A chef chills soup in a spherical container to cool it evenly. The container has a radius of 4 cm. He wants to know the container’s volume to avoid spills. Use $V=\frac{4}{3}\pi r^3$ for a sphere. Keep the answer in cubic centimeters. Using the formula for a sphere, find the volume if the radius is 4 cm.
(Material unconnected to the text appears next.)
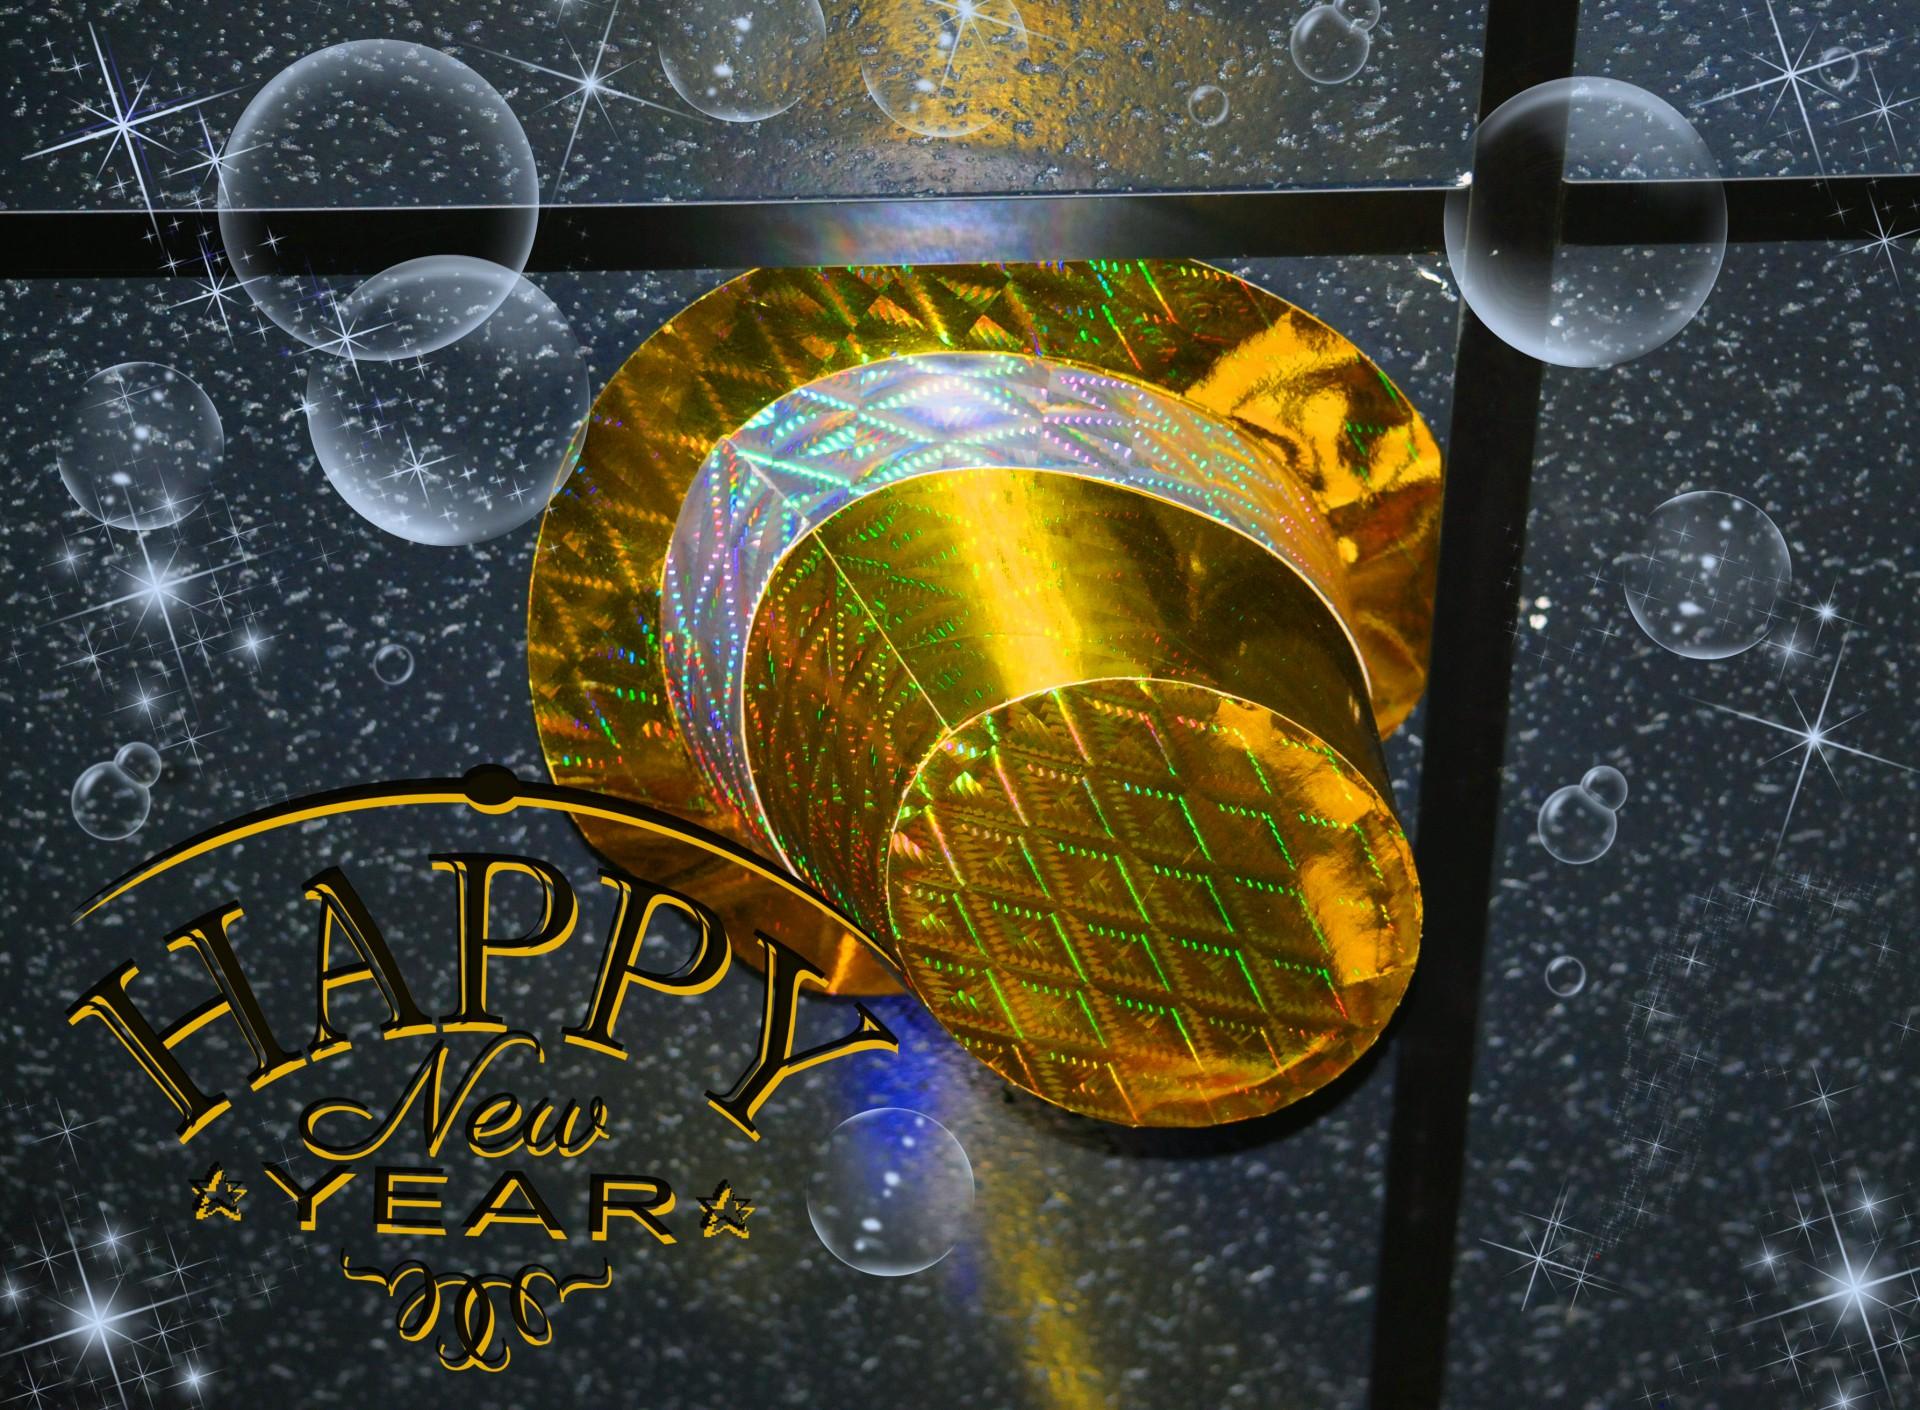 New Year's Countdown, New Years, 2018

The volume is $\frac{256}{3}\pi$ cm³.
The volume is $\frac{512}{3}\pi$ cm³.
The volume is $64\pi$ cm³.
The volume is $\frac{64}{3}\pi$ cm³.
Explanation
This question tests middle school measurement skills: solving volume problems using standard formulas for geometric shapes. Volume calculation requires applying specific formulas to dimensions of shapes—cylinder: πr²h, rectangular prism: lwh, sphere: (4/3)πr³. Understanding these formulas is crucial for solving real-world problems. In this problem, the dimensions provided allow calculation of volume using the sphere's formula. Choice A is correct because it applies the correct formula and calculates the volume accurately based on the given dimensions. Choice B is incorrect because it involves a common error of omitting the 4/3 factor, using just πr³. To help students: Encourage practicing with visual aids and diagrams to understand dimensions. Reinforce the importance of verifying unit consistency and formula application to avoid errors.
A spherical water balloon is used in a science demo about volume. The balloon has a radius of 7 cm when fully inflated. The teacher wants the volume to discuss how much water it can hold. Use $V=\frac{4}{3}\pi r^3$ for a sphere. Give the result in cubic centimeters. Based on the dimensions, what is the volume of the sphere?
The volume is $\frac{343}{3}\pi$ cm³.
The volume is $\frac{1372}{3}\pi$ cm³.
The volume is $\frac{686}{3}\pi$ cm³.
The volume is $343\pi$ cm³.
Explanation
This question tests middle school measurement skills: solving volume problems using standard formulas for geometric shapes. Volume calculation requires applying specific formulas to dimensions of shapes—cylinder: πr²h, rectangular prism: lwh, sphere: (4/3)πr³. Understanding these formulas is crucial for solving real-world problems. In this problem, the dimensions provided allow calculation of volume using the sphere's formula. Choice A is correct because it applies the correct formula and calculates the volume accurately based on the given dimensions. Choice C is incorrect because it involves a common error of omitting the 4/3 factor entirely. To help students: Encourage practicing with visual aids and diagrams to understand dimensions. Reinforce the importance of verifying unit consistency and formula application to avoid errors.